Hitler only opened one embassy in Nazi-occupied Europe. In 1940, the Führer summoned a diplomat just 37 years old to Berghof, his Alpine retreat, and appointed him ambassador in Paris.
But to whom was Otto Abetz accredited? It was hardly to the puppet government which had fled to Vichy, now capital of unoccupied France. Abetz was accredited to the German military command in Paris; his role was to counsel it on political questions.
That unusual diplomatic arrangement signalled the Führer’s willingness to accept the view that Germany should not ‘polonise’ France. It should, instead, work with the French. And it would be up to Abetz to encourage France to join the Führer — as junior partner, it would soon become evident — in creating the new Berlin-centred Europe.
Abetz was well qualified for the role: he knew France and many French personalities, he spoke the language and he even had a French wife. In other ways, he seemed an unlikely candidate for such a top Nazi job. He had been a leftish idealist in his youth. He had joined the Nazi party only in late 1937. His enemies in Berlin denounced him as too Francophile.
Born in 1903, Abetz grew up near the French border. He was a young art teacher when, in the late 1920s, and contrary to the prevailing hostility on both Rhine banks, he resolved to work for Franco-German rapprochement. He went to Paris over Easter 1930 and found like-minded young French idealists. They formed a group that began to propagate their message of reconciliation, as a first step to a united Europe.

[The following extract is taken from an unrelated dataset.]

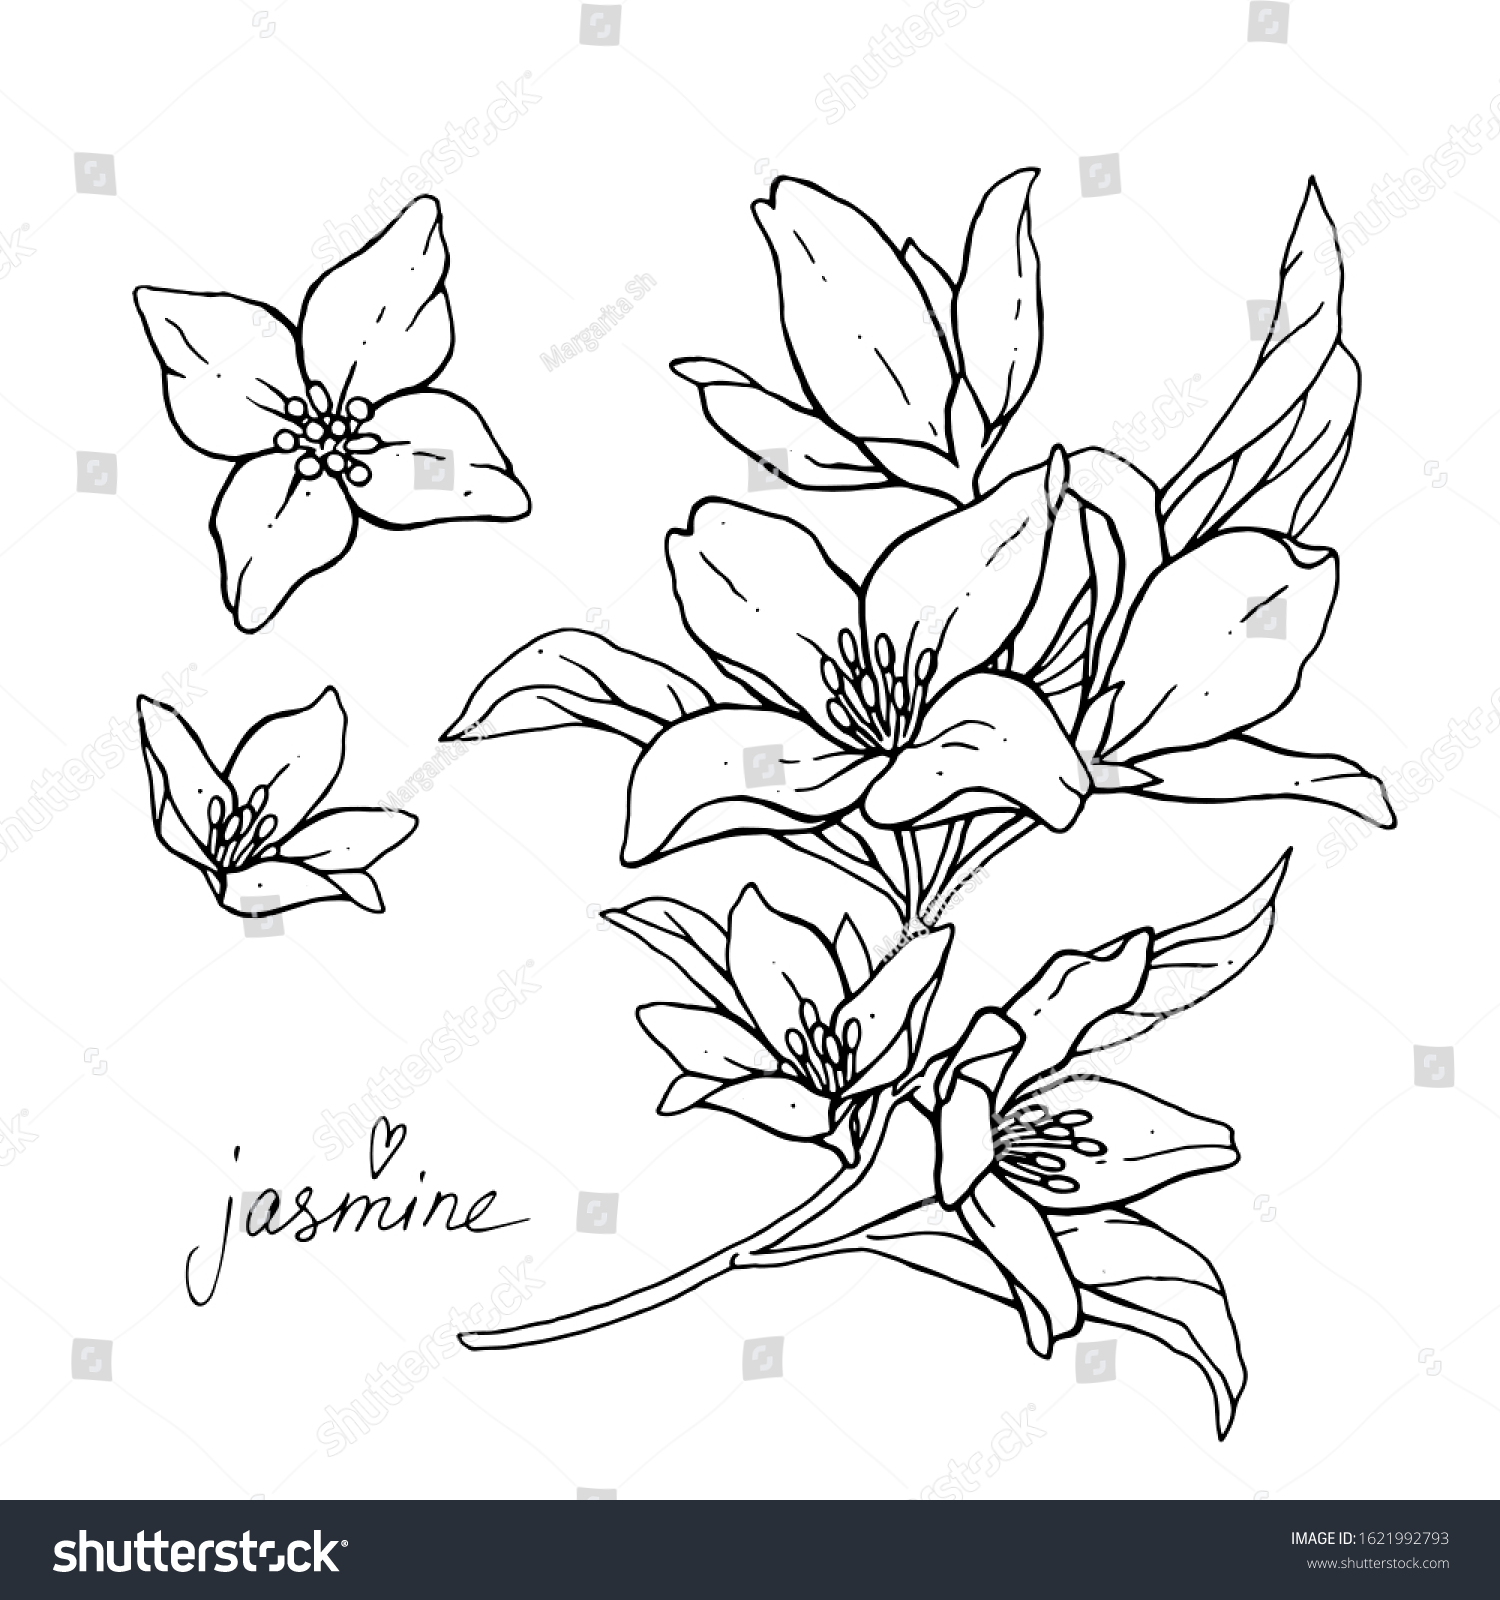 Jasmine flower sketch Images, Stock Photos & Vectors | Shutterstock
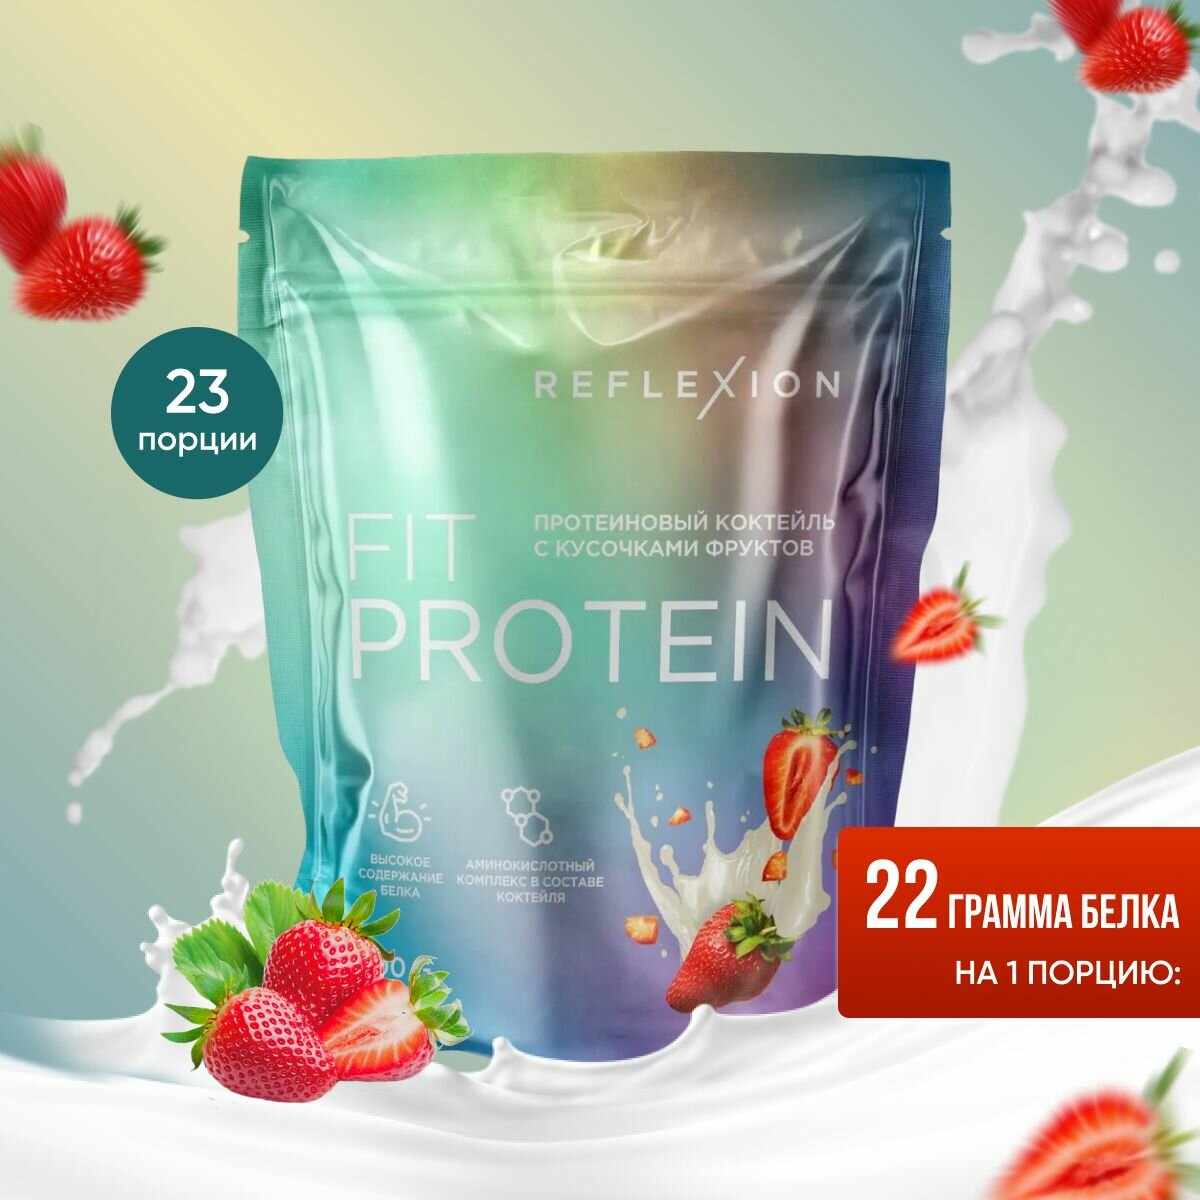 Протеин сывороточный, 700 гр, Reflexion Fit Protein 22 грамма белка (23 порции) вкус клубника (белковый коктейль, whey protein)

Because Abetz had solicited subsidies from Berlin, he became known in the capital. After Hitler forced youth groups into the Nazi straitjacket, the new regime offered Abetz a job in the central Nazi youth organisation. He moved to Berlin with his family. Not long after, he was recruited as adviser on France by Joachim von Ribbentrop, busy running a parallel and party-linked ‘foreign office’.
For the rest of the decade, Abetz was in and out of Paris, organising visits, banquets and congresses. He built up a pro-Berlin network to counter French anti-fascists. Abetz groomed influential French publicists, understandably eager to avoid another bloody Franco-German conflict. Willing to use their pens to oppose bolshevism and justify Hitler’s aggressive behaviour, they were not viscerally antisemitic, in the way writers such as Robert Brasillach and Louis-Ferdinand Céline were.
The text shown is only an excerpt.